The project provides around 650 news paper headlines captured from various news agencies over an unspecified time interval, so it reflects the state of the world for some snapshot. We tag the country and city in the headlines using regular expression. Specifically, we build regexes out of the list of countries and cities in the GeoNamesCache library, and run them against the headlines, capturing the city and country names found in each headline. Of the 650 headlines, 634 could be fully resolved with both country and city names, 1 with only country name, and 15 for which neither country nor city could be found. The resolved city and country names are used to look up the latitude and longitude coordinates for each of the 634 cities, again using the GeoNamesCache. The other headlines are dropped from further analysis.

The coordinates of the cities are then plotted on a world map (Figure 1), and it looks like there are disease outbreaks all over the place during that time frame. Note that the project also additionally asks to look specifically at the United States, but in order to keep the blog post short, we don't talk about it here. But you can find those visualizations in the notebooks.

Clustering them using the K-Means algorithm helps somewhat, but basically clusters the points by longitude -- the first cluster is the Americas, the second is Europe, Africa and West Asia, and the third is South Asia and Australia.

Clustering the headlines the density based method DBSCAN produces more fine grained clusters.

The distance measure used in the clustering above was standard Euclidean distance, which is more suitable for a flat earth. For a spherical earth, a better distance measure would be the Great Circle Distance. Using that distance measure, and standard hyperparameters for DBSCAN, we get a cluster which is even more fine grained.

At this point, it looks like most of the United States and Western Europe is afflicted by one major disease or another. Given that the visualizations clearly indicated disease clusters, we wanted to find if these were all about the same disease or different diseases. We then extracted and manually looked at the "most representative" newspaper headlines (i.e., headlines that had coordinates closest to the centroids of each cluster), looking for readily identifiable diseases, then looking at the surrounding words, then using these words to look for more diseases. Using this strategy, we were able to get a count of headlines for each disease. It turned out that even though different diseases were being talked about, the dominant one was the Zika virus.

So, we filtered out the newspaper headlines for the Zika virus (around 200 of them), and reclustered them using their latitude and longitude using DBSCAN and the Great Circle Distance, and we got this.

Based on this visualization, we see that the biggest outbreak seems to be in the central part of the Americas, with two big clusters in Southern United States, Mexico, and Ecuador in South America.
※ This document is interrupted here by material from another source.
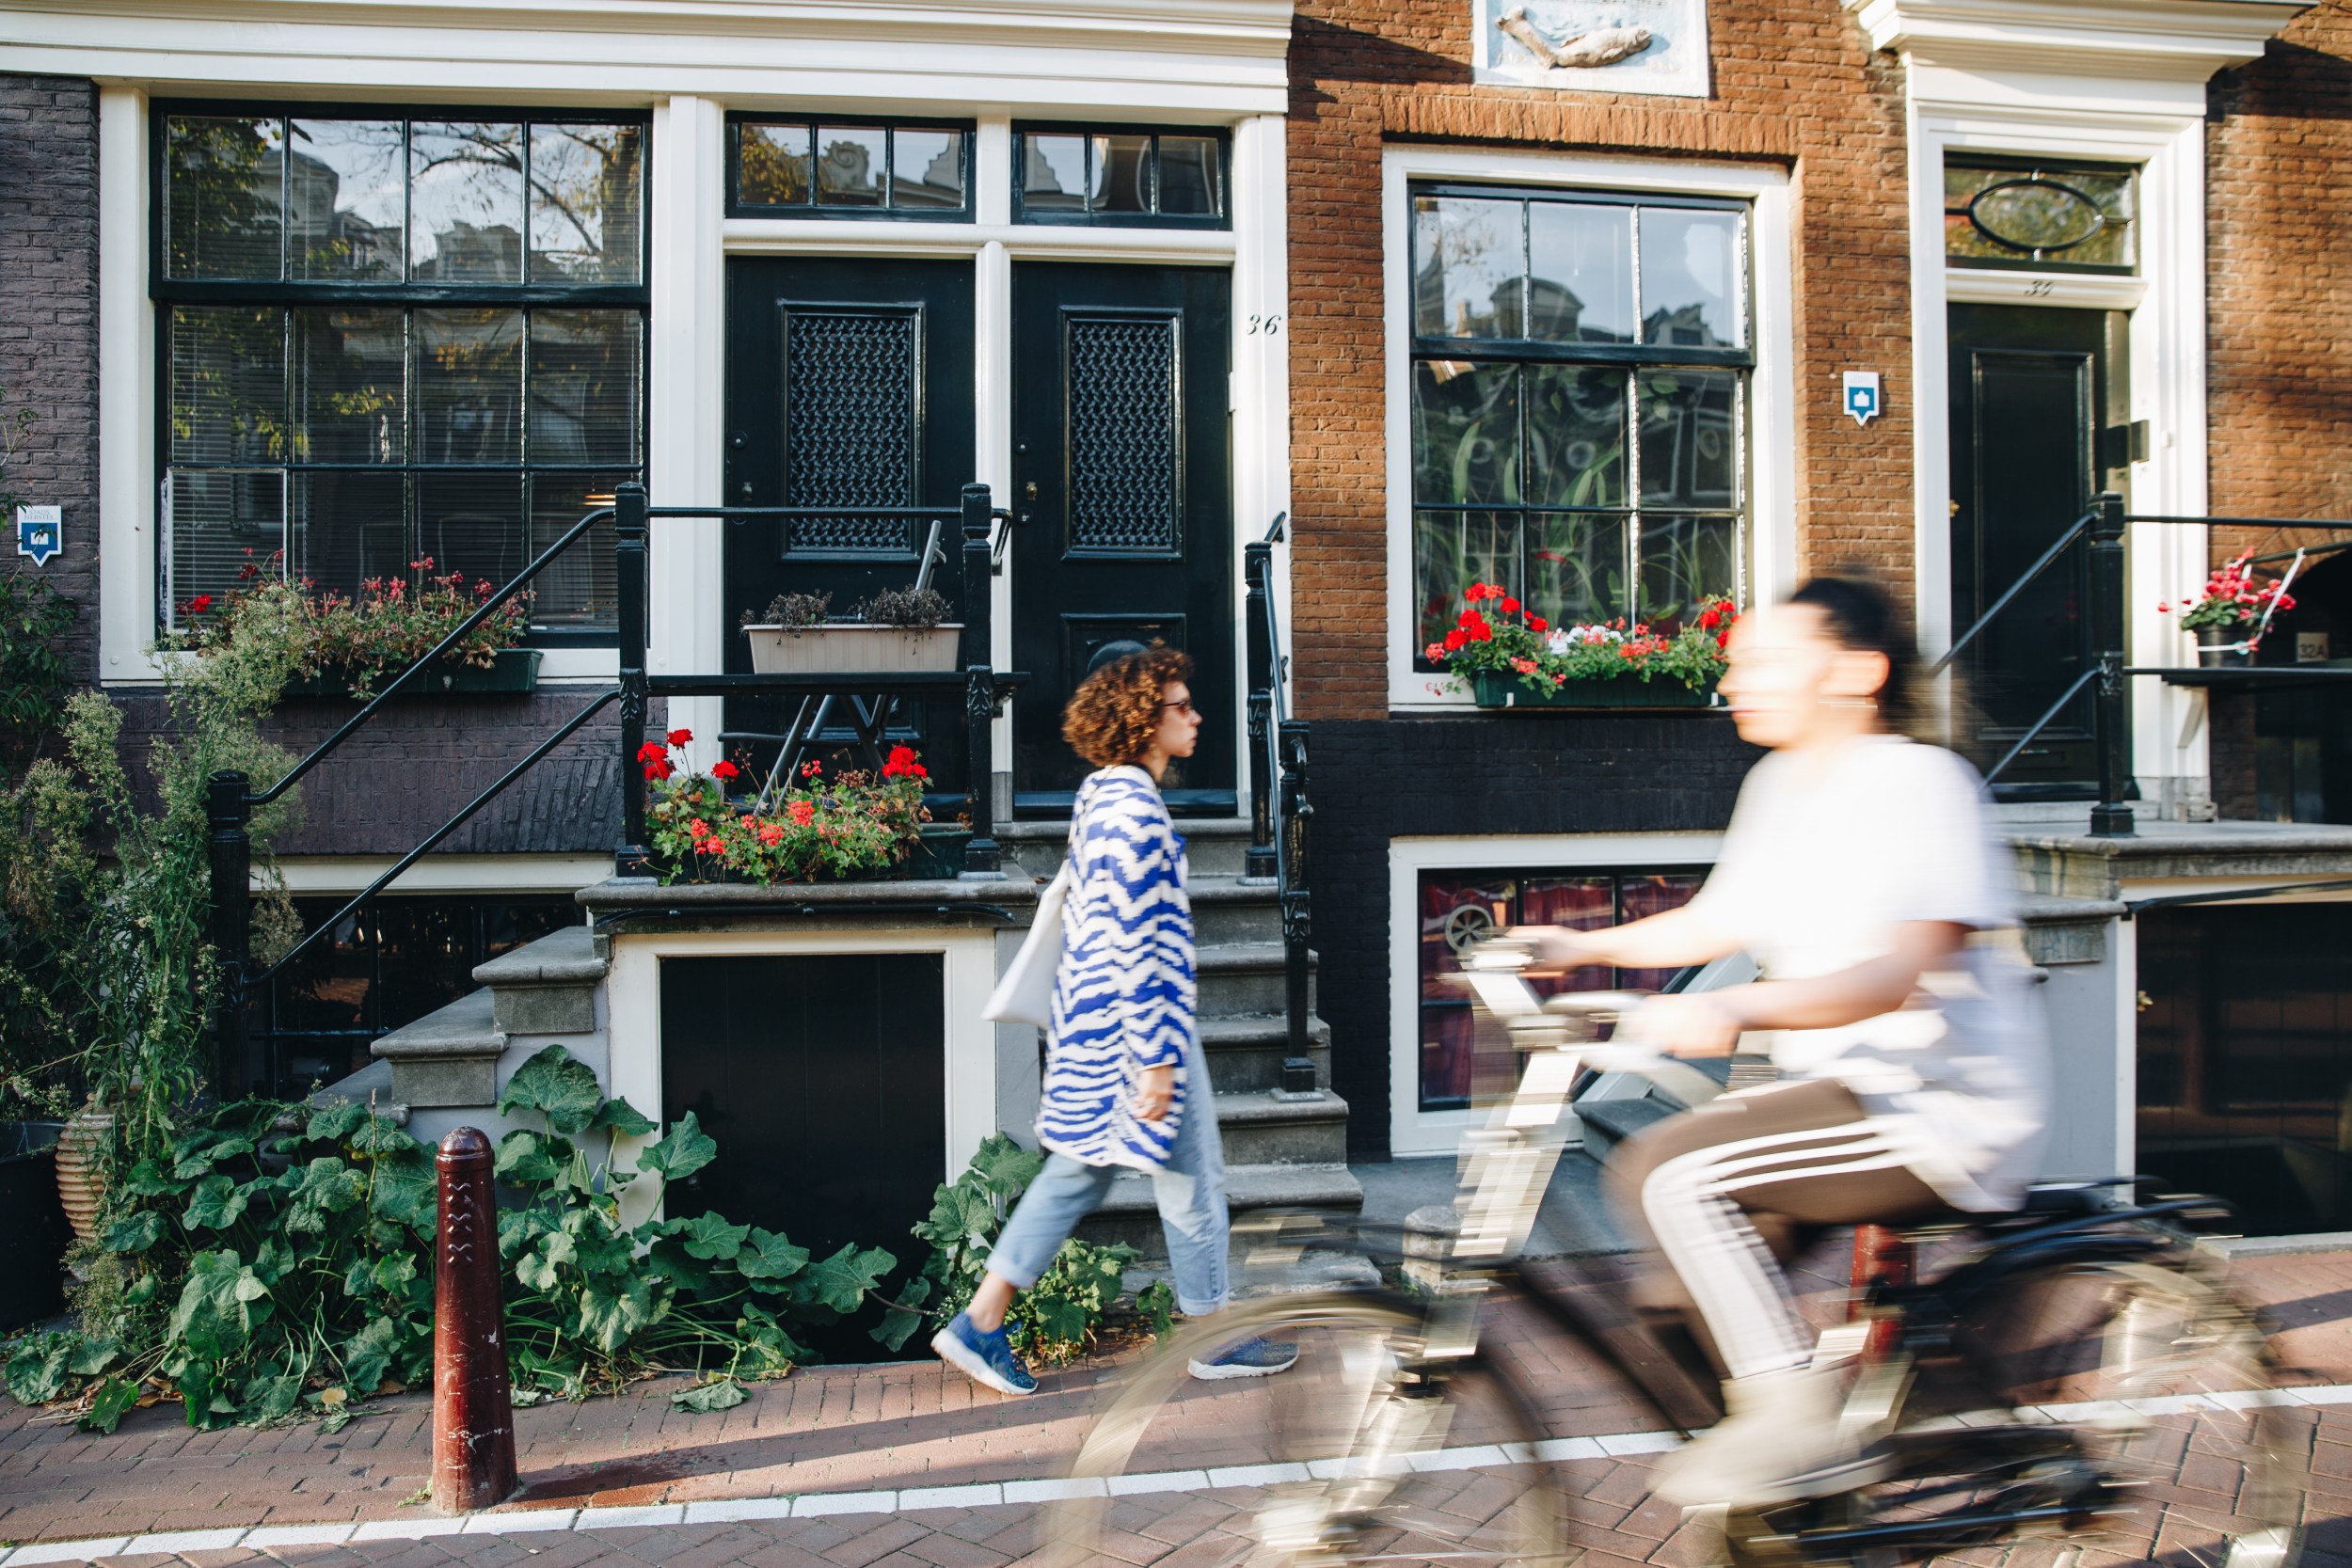 A neighbourhood in Amsterdam

There is also a significant cluster in South East Asia, and one in North India, and smaller outbreaks in Western Asia. Since our pretend client is the World Health Organization (WHO), we are supposed to make a recommendation, and the recommendation is that this is a pandemic since the outbreak is across multiple countries.

This was a fun exercise, and I learned about map based clustering and visualization, which was relatively new to me, since I had never used it before. I think the liveProject idea is very powerful and has lots of potential. If you are curious about the code, the notebooks are here.